# 6.1.4: Collision Frequency

- Page ID
- 1404

Collisional Frequency is the average rate in which two reactants collide for a given system and is used to express the average number of collisions per unit of time in a defined system.

## Background and Overview

To fully understand how the collisional frequency equation is derived, consider a simple system (a jar full of helium) and add each new concept in a step-by-step fashion. Before continuing with this topic, it is suggested that the articles on collision theory and collisional cross section are reviewed, as these topics are essential to understanding collisional frequency.

In determining the collisional frequency for a single molecule, \(Z_i\), picture a jar filled with helium atoms. These atoms collide by hitting other helium atoms within the jar. If every atom except one is frozen and the number of collisions in one minute is counted, the collisional frequency (per minute) of a single atom of helium within the container could be determined. This is the basis for the equation.

\[Z_i = \dfrac{(\text{Volume of Collisional Cylinder}) (\text{Density})}{\text{Time}} \nonumber \]

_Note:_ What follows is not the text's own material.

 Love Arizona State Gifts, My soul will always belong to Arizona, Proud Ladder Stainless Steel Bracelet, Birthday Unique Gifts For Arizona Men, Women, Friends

While the helium atom is moving through space, it sweeps out a collisional cylinder, as shown above. If the center of another helium atom is present within the cylinder, a collision occurs. The length of the cylinder is the helium atom's mean relative speed, \(\sqrt{2}\langle c \rangle\), multiplied by change in time, \(\Delta{t}\). The mean relative speed is used instead of average speed because, in reality, the other atoms are moving and this factor accounts for some of that. The area of the cylinder is the helium atom's collisional cross section.

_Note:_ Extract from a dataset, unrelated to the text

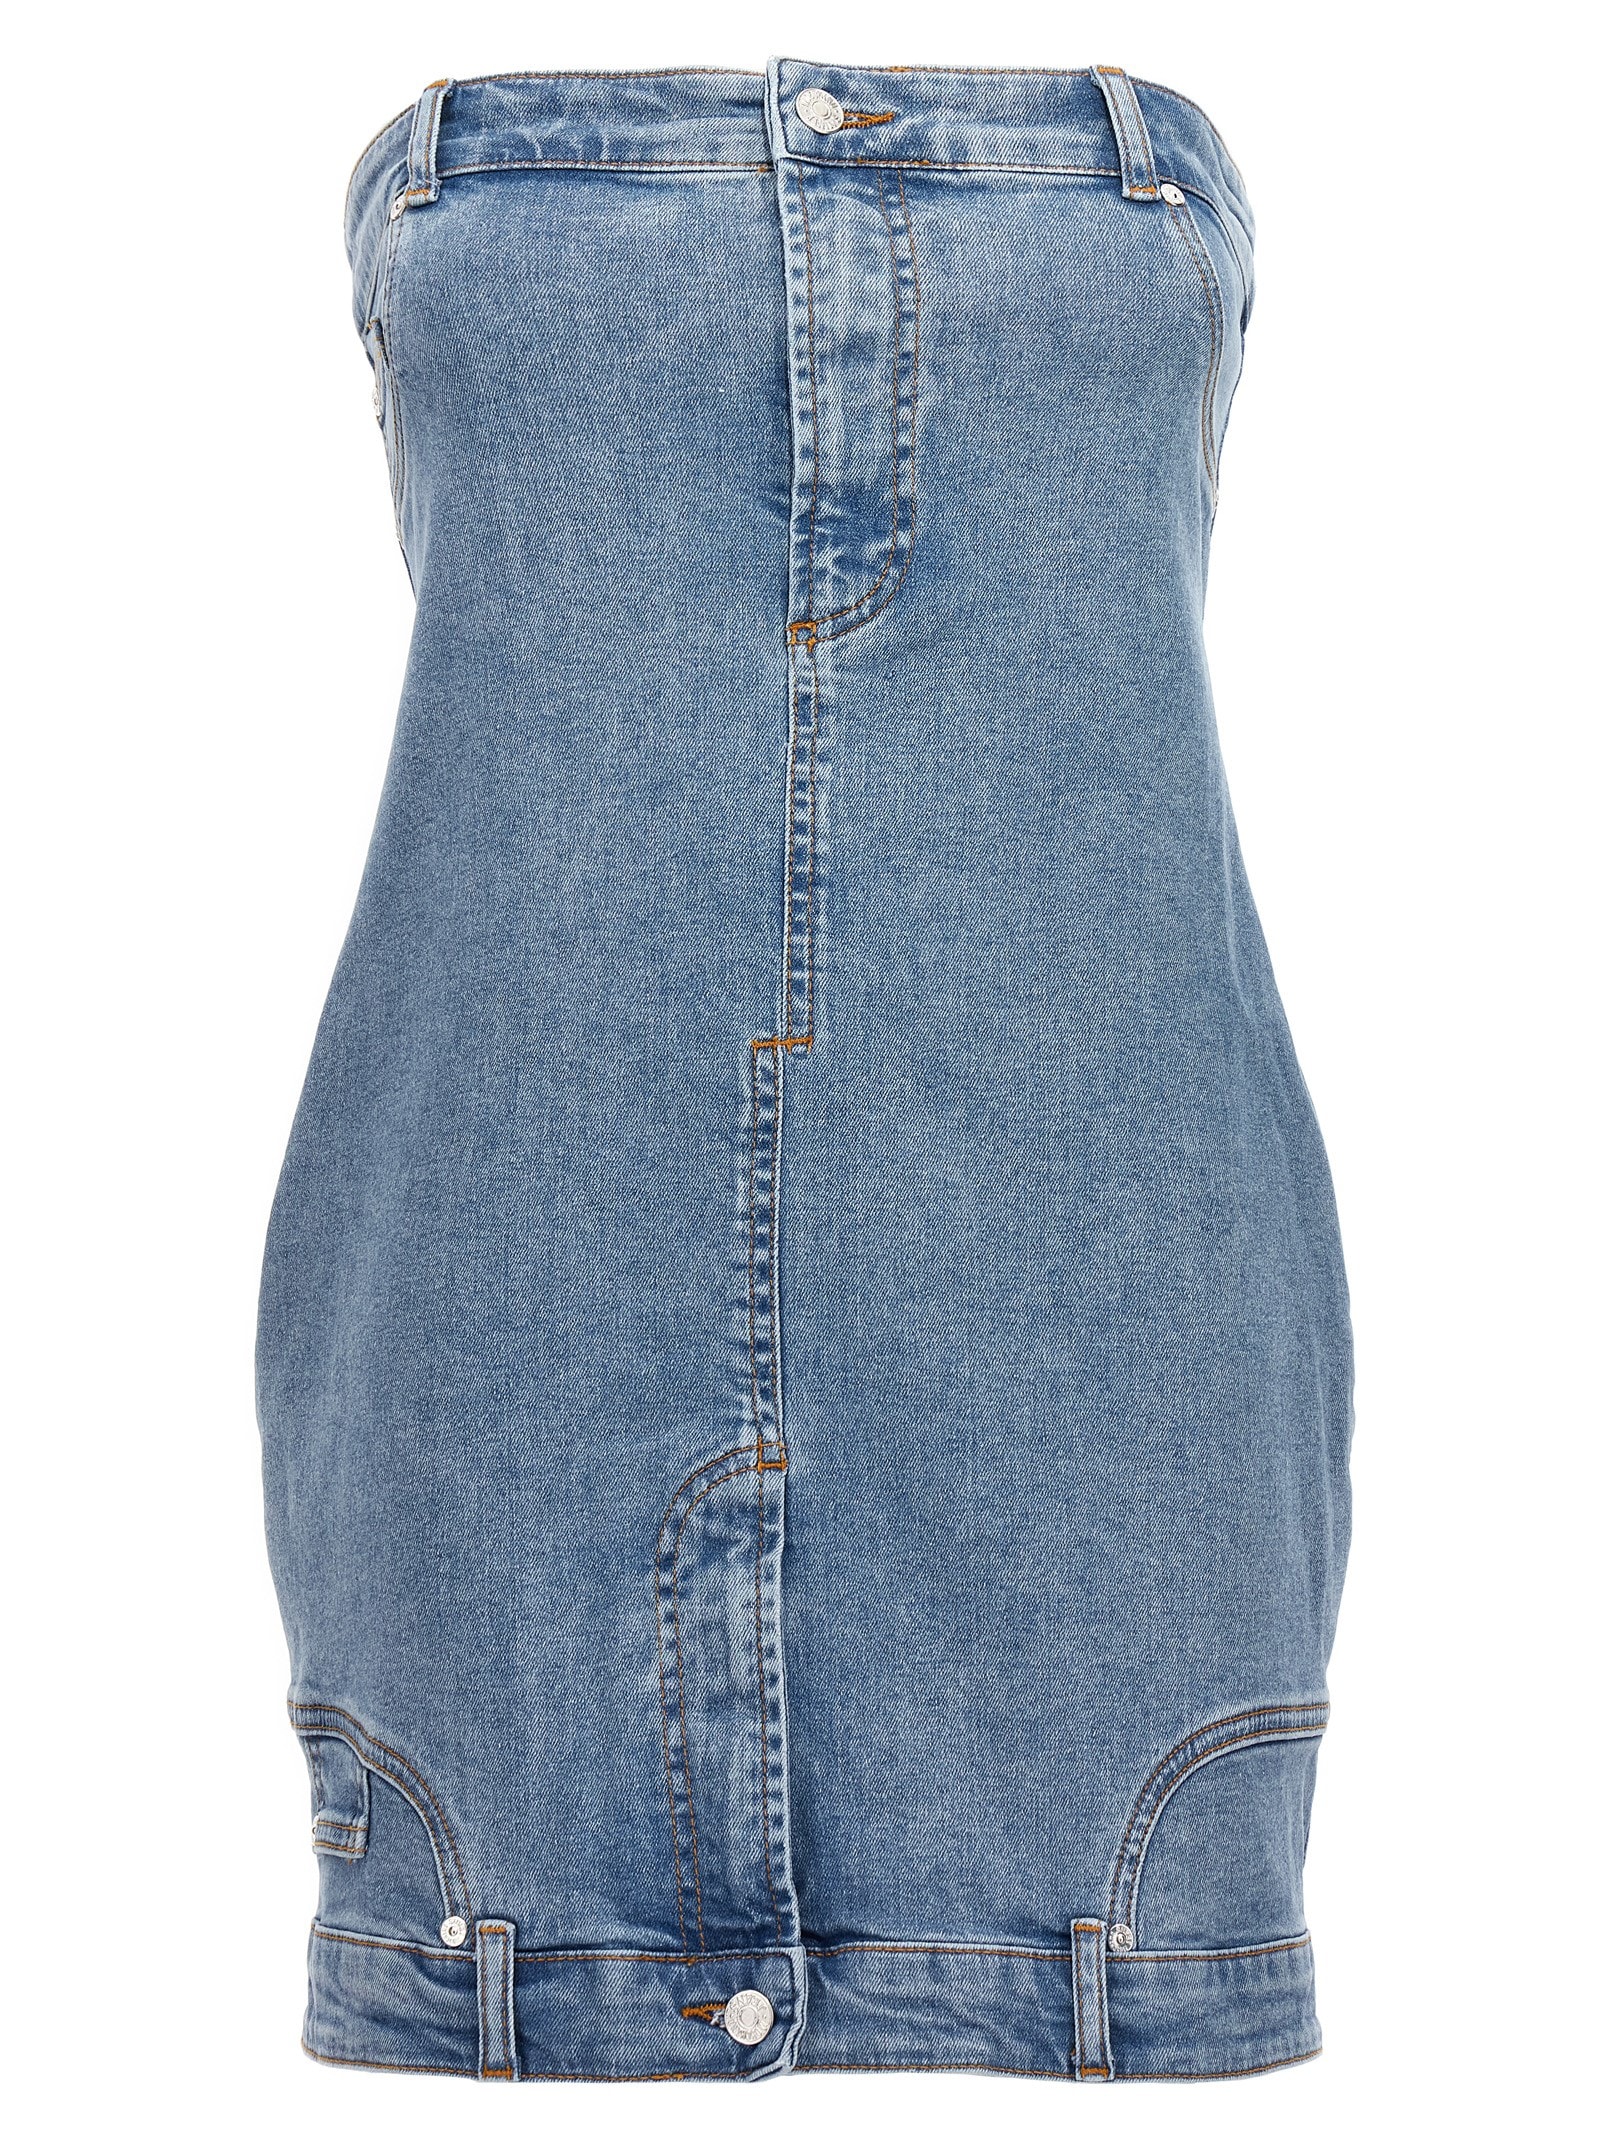 Shop M05ch1n0 Jeans Off-the-shoulder Denim Dress

Although collision will most likely change the direction an atom moves, it does not affect the volume of the collisional cylinder, which is due to density being uniform throughout the system. Therefore, an atom has the same chance of colliding with another atom regardless of direction as long as the distance traveled is the same.

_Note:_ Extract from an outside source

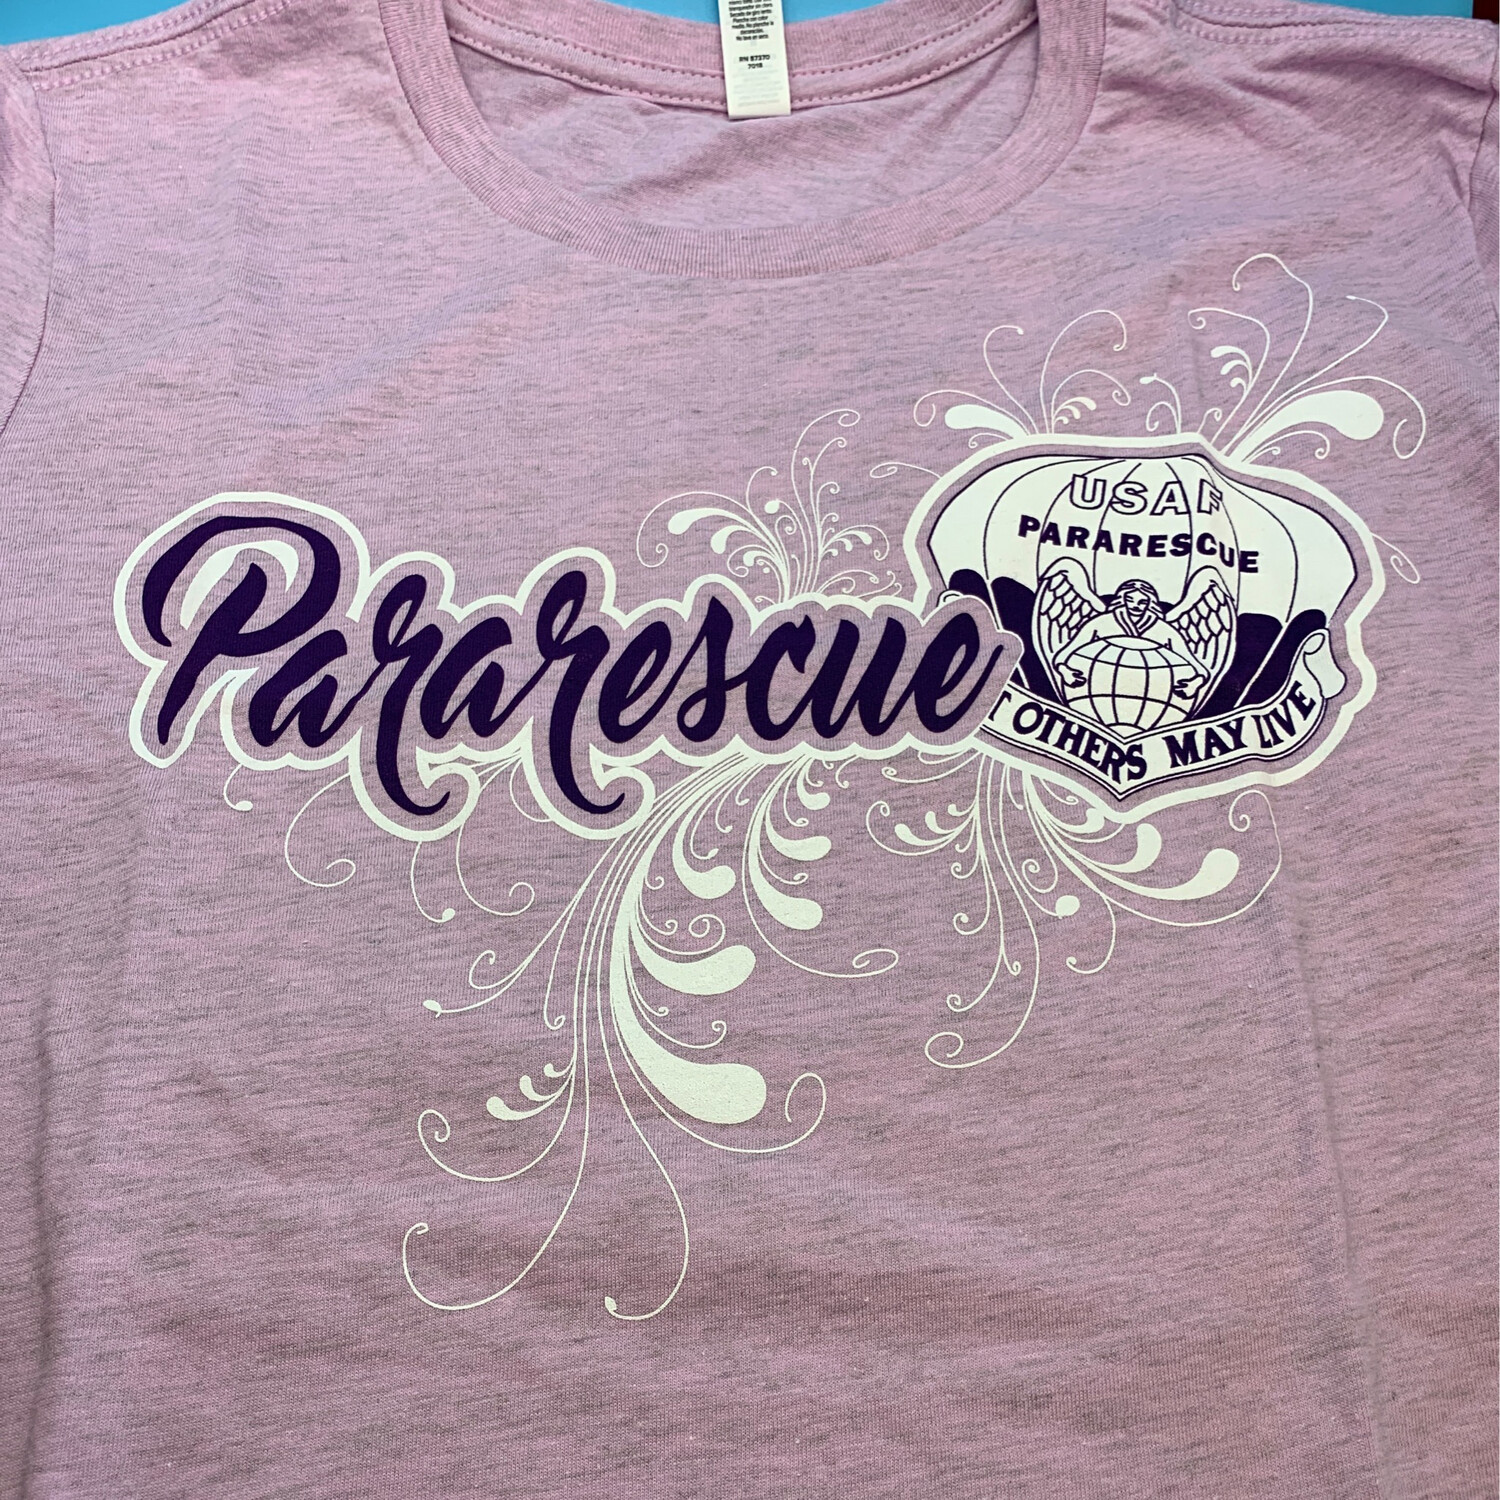 pja/ T-Shirt Light Pink Ladies, Pararescue With PJ Flash

\[\text{Volume of Collisional Cylinder} = \sqrt{2}\pi{d^2}\langle c \rangle\Delta{t} \nonumber \]

## Density

Next, account must be taken of the other atoms that are moving that helium can hit; which is simply the density \(\rho\) of helium within the system. The density component can be expanded in terms of \(N\) and \(V\). \(N\) is the number of atoms in the system, and \(V\) is the volume of the system. Alternatively, the density in terms of pressure (relating pressure to volume using the perfect gas law equation, \(PV = nRT\):

\[\rho = \left(\dfrac{N}{V}\right) = \left(\dfrac{\rho{N_A}}{V}\right) = \left(\dfrac{\rho{N_A}}{RT}\right) = \left(\dfrac{\rho}{kT}\right) \nonumber \]

## The Full Equation

When you substitute in the values for \(Z_i\), the following equation results:

\[{Z_{i} = \dfrac{\sqrt{2}\pi d^{2} \left \langle c \right \rangle\Delta{t}\left(\dfrac{N}{V}\right)}{\Delta{t}}} \nonumber \]

Cancel Δt:

\[Z_{i} = \sqrt{2}\pi d^{2} \left \langle c \right \rangle\left(\dfrac{N}{V}\right) \nonumber \]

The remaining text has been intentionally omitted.